Many studies use an oscillating uniform velocity boundary condition in lieu of a moving wall for simplicity and computational efficiency [3,15,16,46]. Others, wishing to improve accuracy have modelled the diaphragm with an equation to describe the oscillating velocity profile [17,20]. Modelling the diaphragm as a moving wall with a profile defined by an equation has also been done with some success [19]. Some researchers choose to omit the cavity and/or nozzle altogether to simplify computations and focus on the exterior flow [47–49]. Some researchers been employing a more realistic multiphysics approach which incorporates piezoelectricity and structural mechanics [25–28]. Figure 27 shows a comparison between the modelling methods that have been used, including the displacement profile determined through the current multiphysics modelling. All of these profiles assume that the deflection is static, not operating in an active SJA. Apart from the clamped boundary condition, the second-order polynomial captures the deflection well [19], but does not account for the flexing the diaphragm undergoes while the SJA is in operation. The theoretical solution from [18] does not perform well for plates which have multiple layers of different diameters.

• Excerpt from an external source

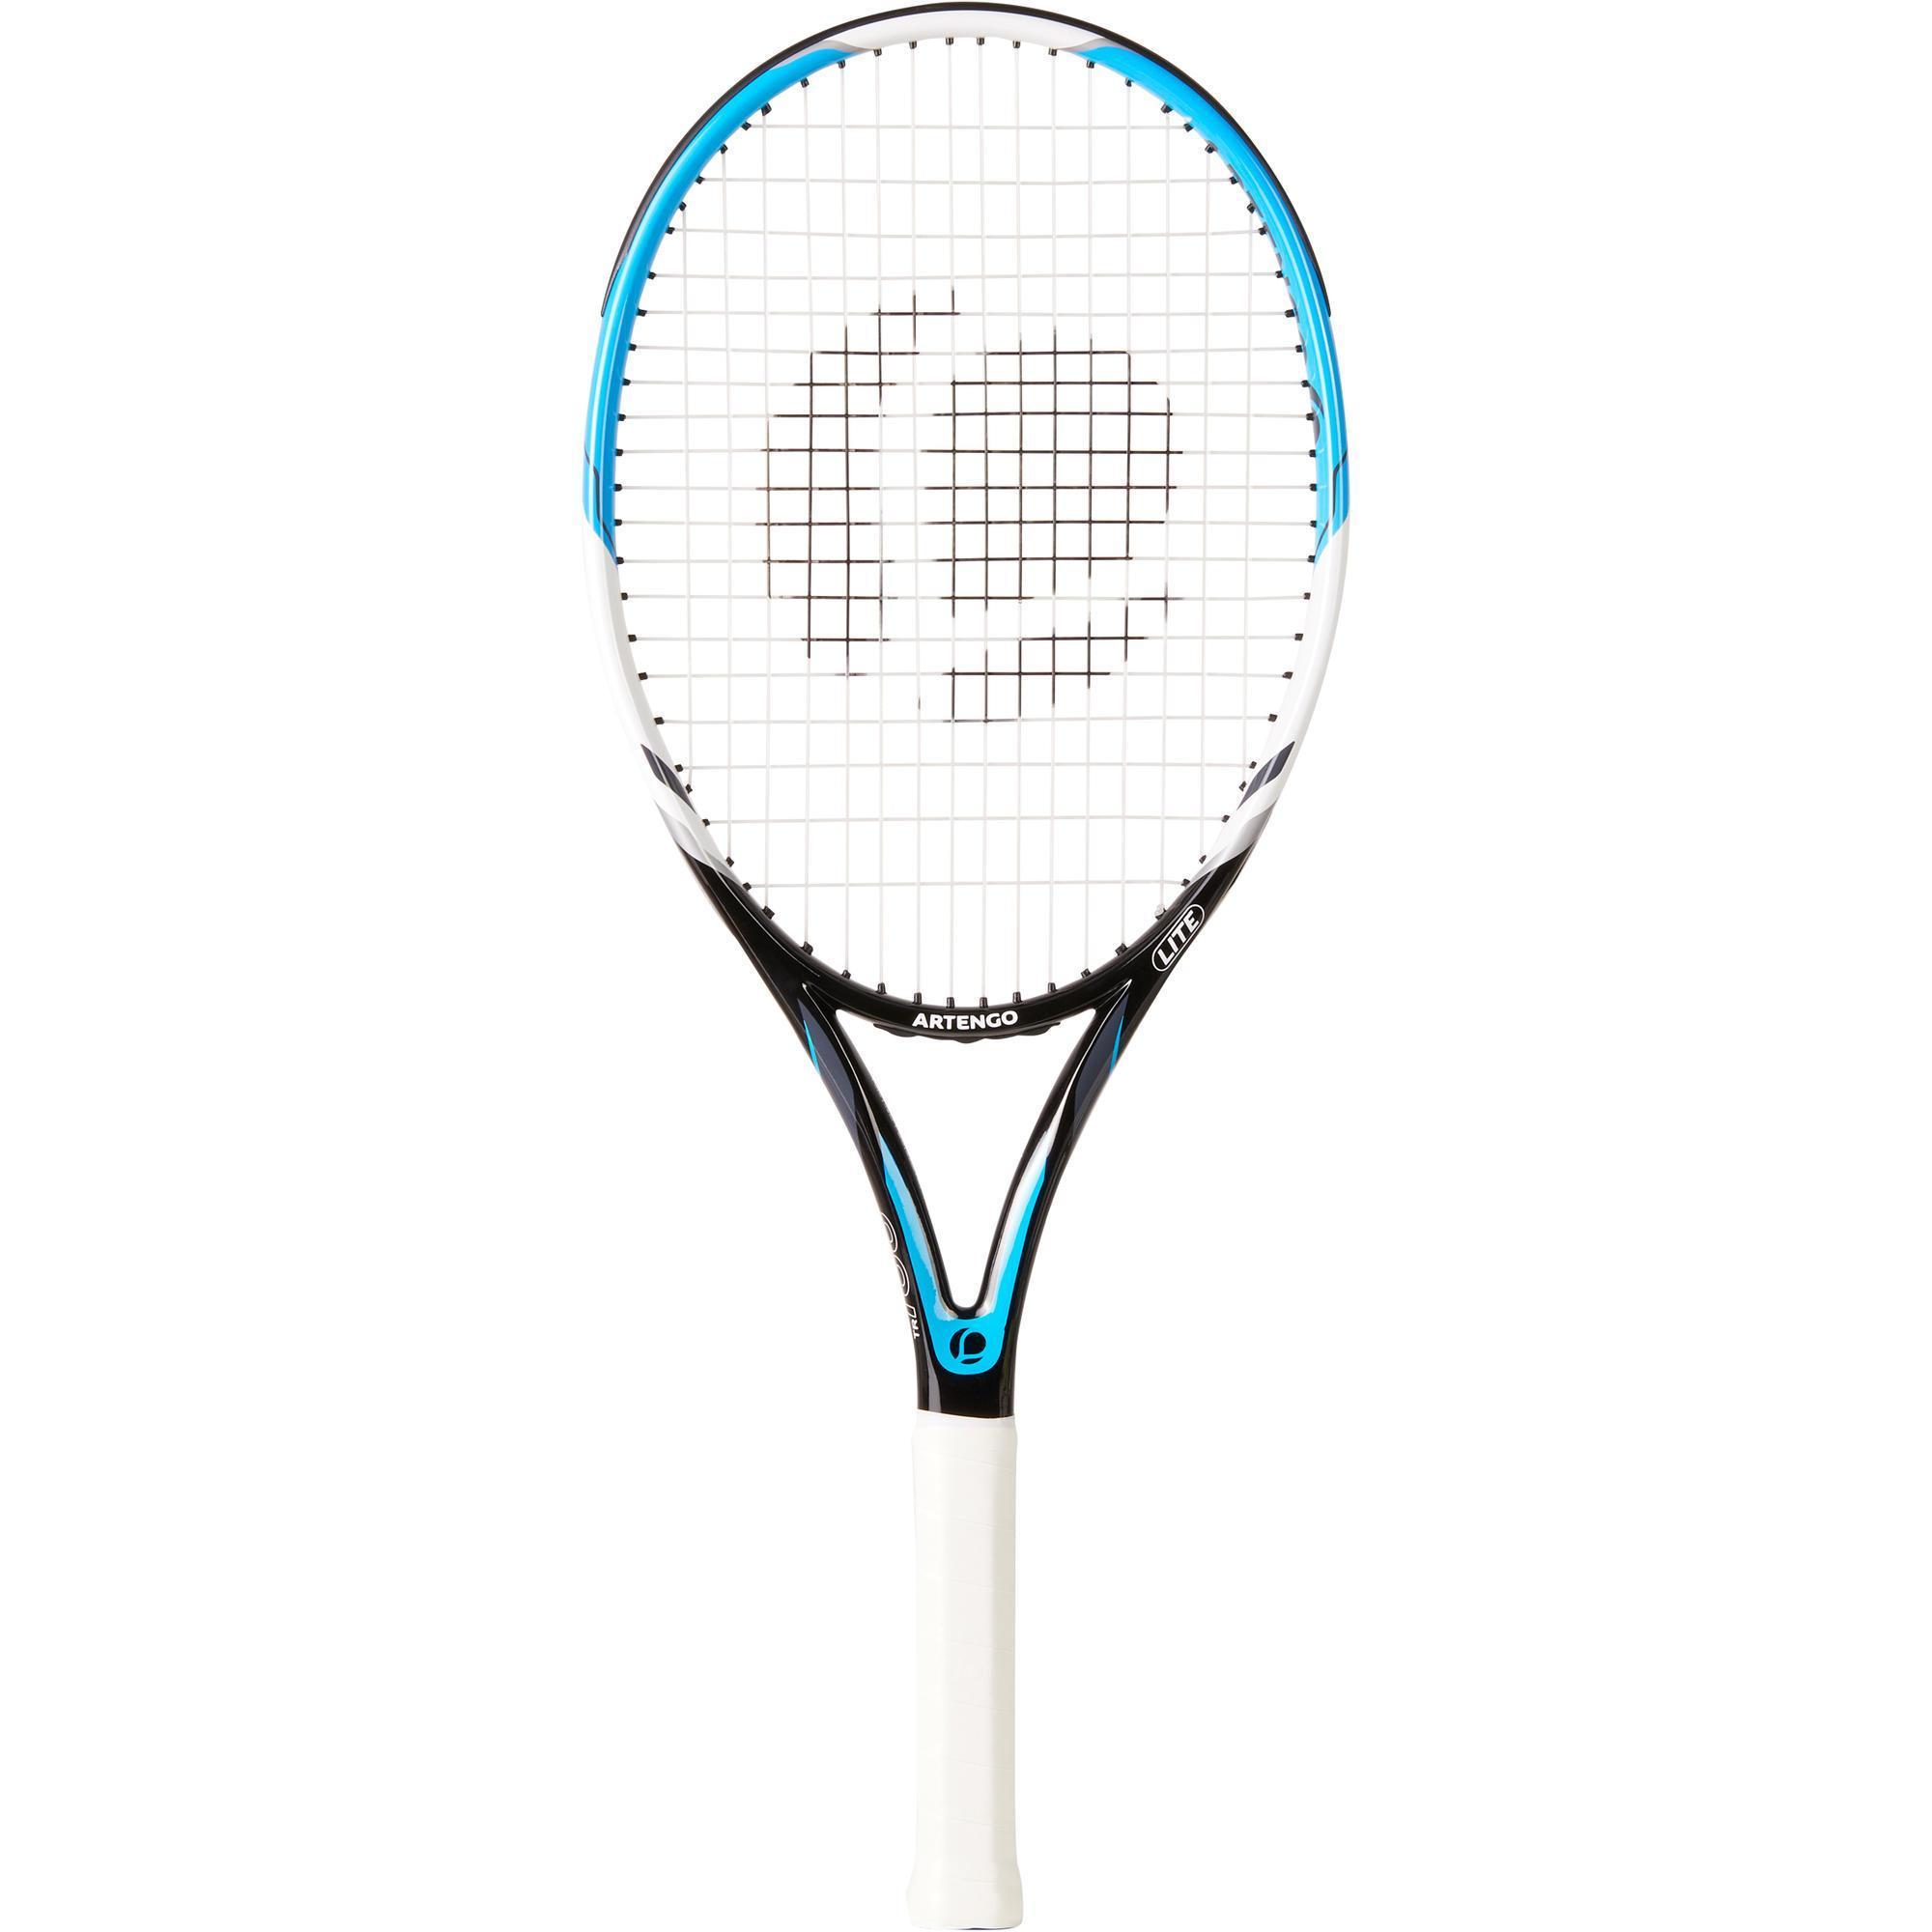 Adult Rackets Tr160 Lite Adult Tennis Racket Blue Artengo Decathlon

When a static voltage is applied to a THUNDER TH-5C actuator, it deflects the same amount in each direction. However, when operating in an SJA in the presence of a flow field, the pressure in the SJA cavity varies sinusoidally and causes the diaphragm to flex. The force that this fluid pressure puts on the diaphragm as the vortex rings within the cavity impact its surface causes the diaphragm to deflect further downward (away from the cavity) than upward (toward the cavity). The impact that the fluid has on the diaphragm deflection is not insignificant. When operating near the Helmholtz frequency, the difference between the upper maximum deflection and lower maximum deflection is about $11.1\%$. Figure 28 shows the deflection of the SJA when operating at $260Hz$, normalized by maximum upward deflection. This shows that approximating a diaphragm with an equation ignores the compliance of the diaphragm. This also indicates that the cavity compliance cannot be assumed to be zero, as some research suggests. The total volume of fluid displaced during an expulsion cycle when capturing the diaphragm shape using multiphysics and accounting for cavity compliance can be determined and compared against the approximations used by [17,19]. When normalized by peak diaphragm center displacement, the current work predicts the fluid volume displaced to be $6.1$ and $38.7$ % more than found by [17,19]. For these reasons, modelling the diaphragm with multiphysics provides a more realistic representation of the boundary condition than a velocity profile or a moving wall.

4. Conclusions

A multiphysics approach was taken to model piezoelectric synthetic jet actuators. The model coupled physics from structural mechanics to provide insight into the combined flow, electrostatics, pressure acoustics, and fluid mechanics. The model was validated using hot wire measurements, then was used to study the fluid behaviour, acoustic properties, and the impact of modelling a physical diaphragm. The model demonstrated good agreement with experimental work by capturing the Helmholtz frequency within $20Hz$, and the maximum jet velocity within $0.8m/s$. Linear acoustics do not properly model the acoustic effects with the current geometry and it is required to use thermoviscous acoustics to capture the viscous and thermal losses that occur in small geometries. It was shown that these losses dampen the fluid-borne noise associated with the resonance frequency of the cavity, leaving the structure-borne noise, associated with the actuation frequency to be the dominant sound source.